Interpretable contrastive word mover's embedding
It addresses the need for interpretable NLP methods in the novel domain of assessing student scientific writing and thinking, which is incremental by adding interpretability to an existing approach.
The paper tackles the problem of enhancing document embeddings for classification by adding interpretability to contrastive Word Mover's Embedding, resulting in significant improvements over baselines on public datasets and enabling meaningful assessment of student lab reports in educational contexts.
This paper shows that a popular approach to the supervised embedding of documents for classification, namely, contrastive Word Mover's Embedding, can be significantly enhanced by adding interpretability. This interpretability is achieved by incorporating a clustering promoting mechanism into the contrastive loss. On several public datasets, we show that our method improves significantly upon existing baselines while providing interpretation to the clusters via identifying a set of keywords that are the most representative of a particular class.
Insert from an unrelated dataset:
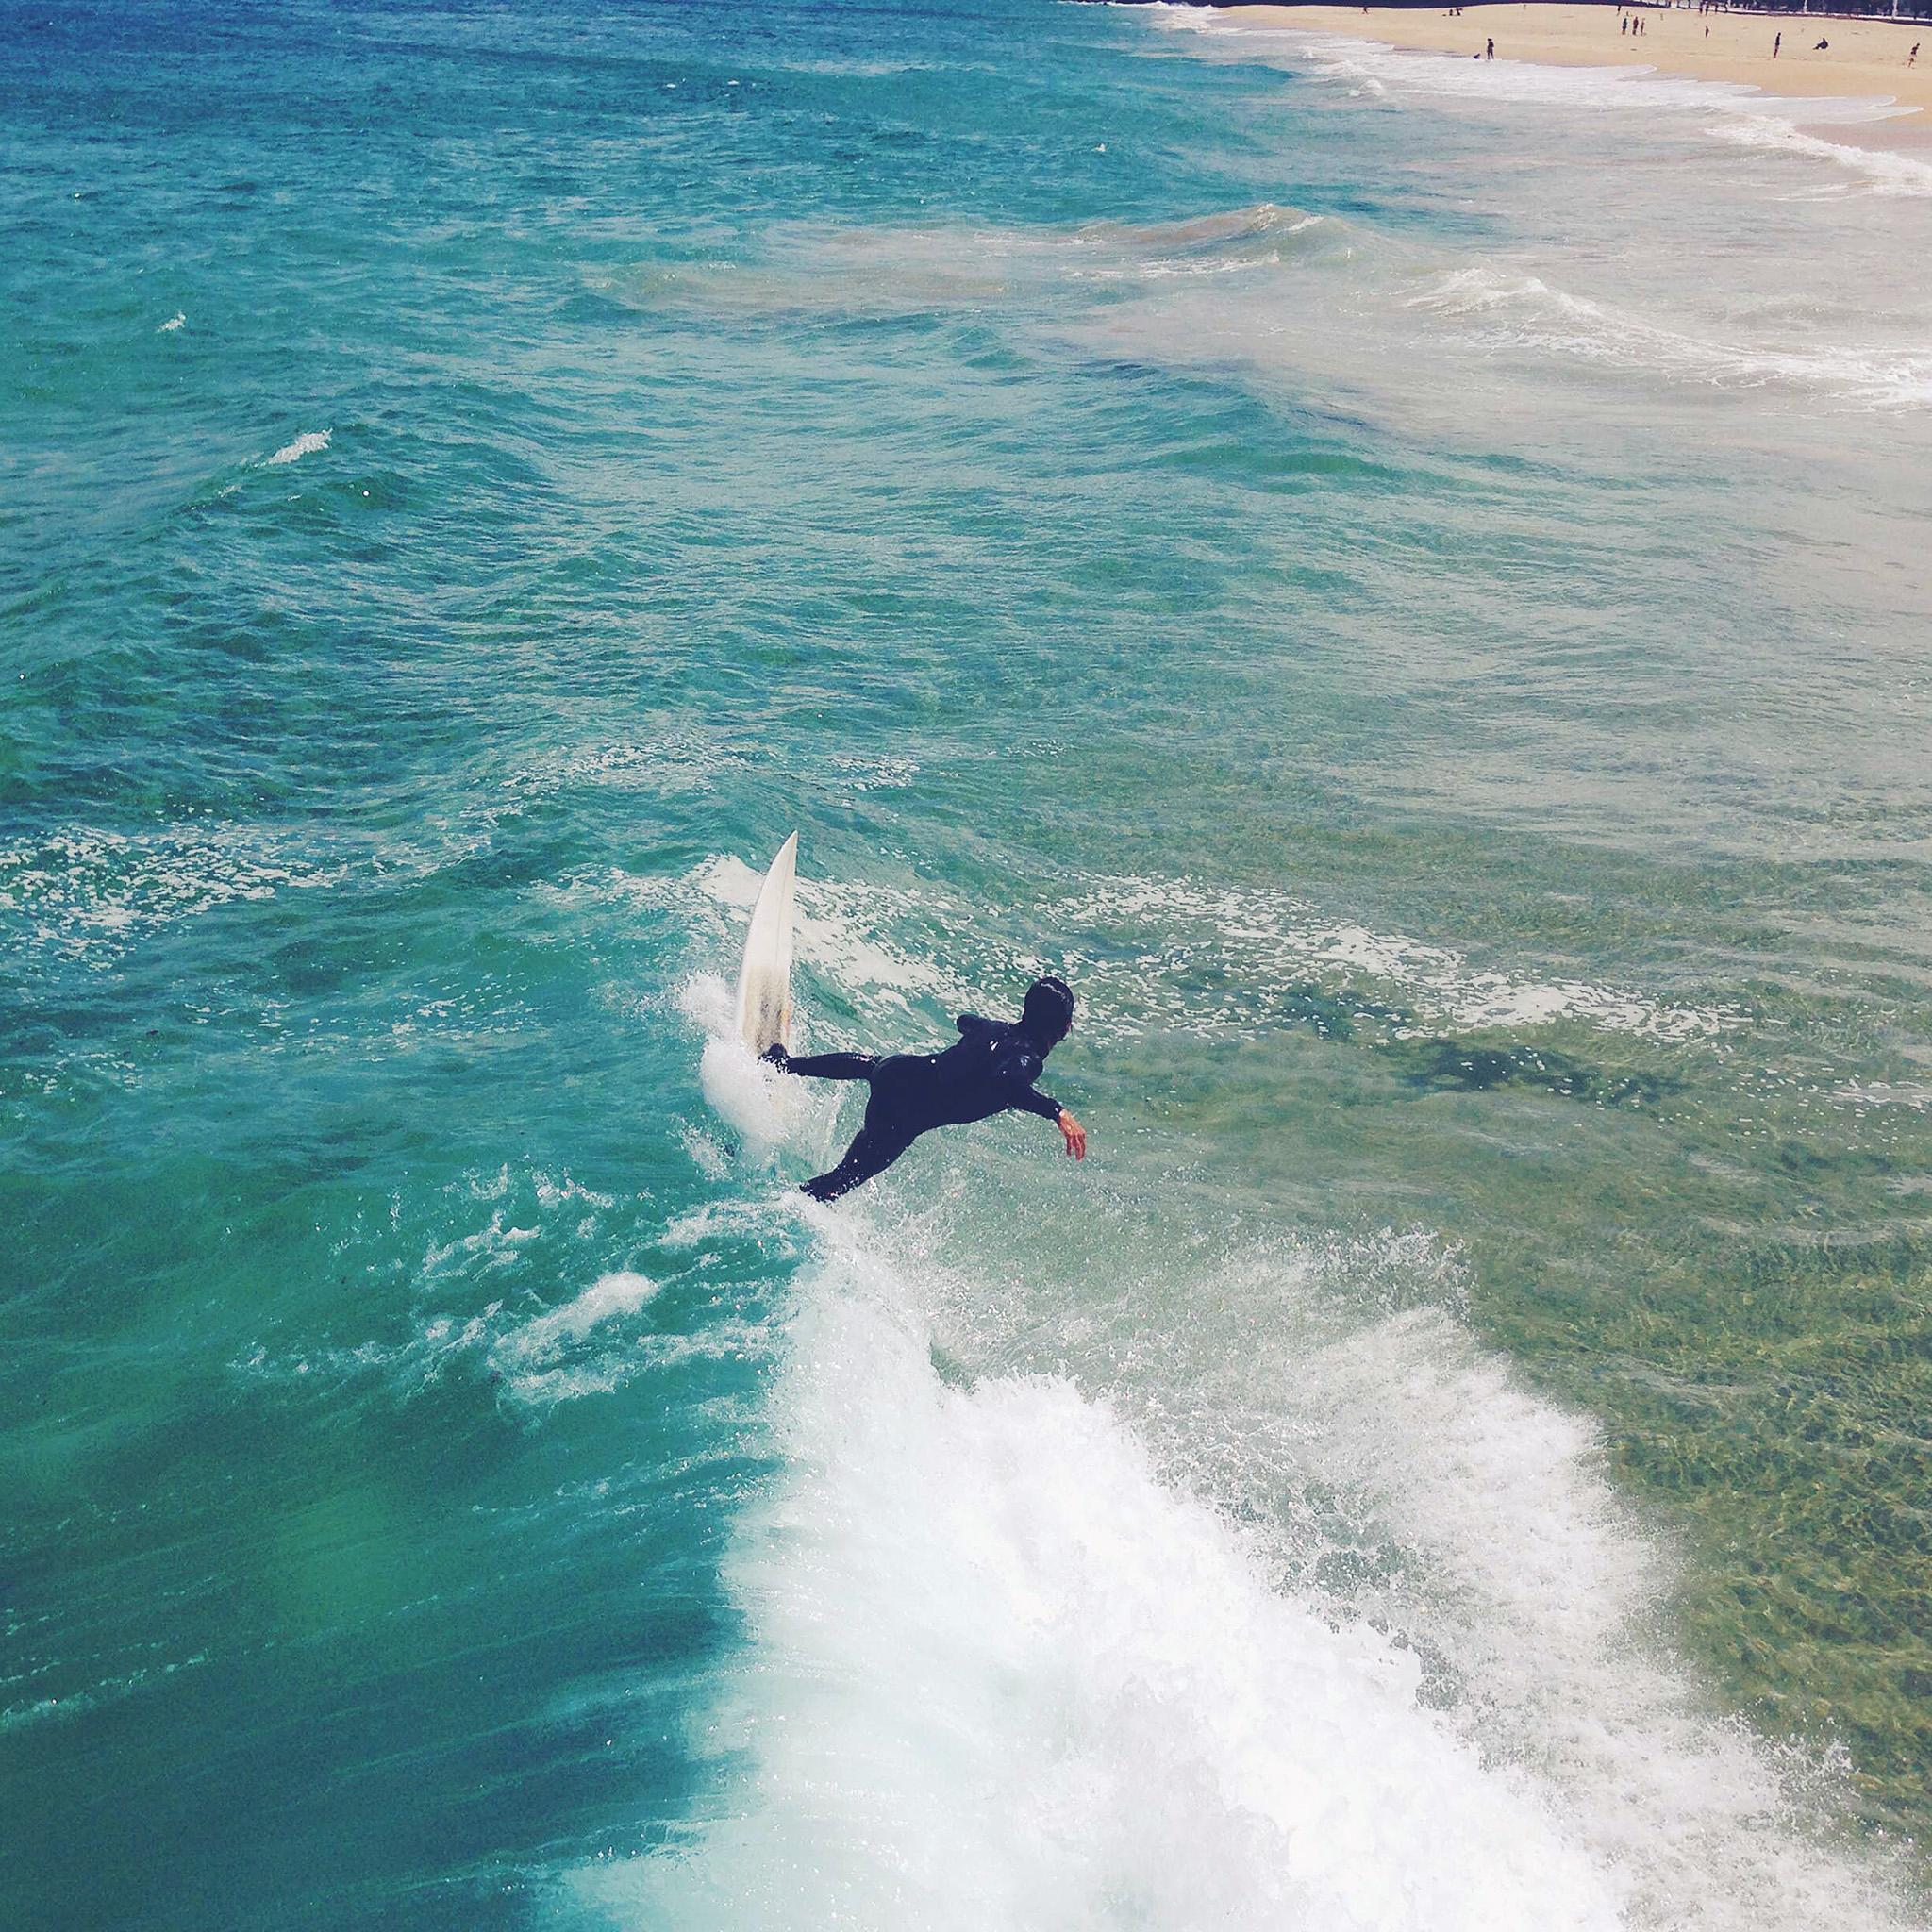 Girls Surfing Wallpaper: Mu93-summer-ocean-beach-surf-girl-nature-blue

Our approach was motivated in part by the need to develop Natural Language Processing (NLP) methods for the \textit{novel problem of assessing student work for scientific writing and thinking} - a problem that is central to the area of (educational) Learning Sciences (LS). In this context, we show that our approach leads to a meaningful assessment of the student work related to lab reports from a biology class and can help LS researchers gain insights into student understanding and assess evidence of scientific thought processes.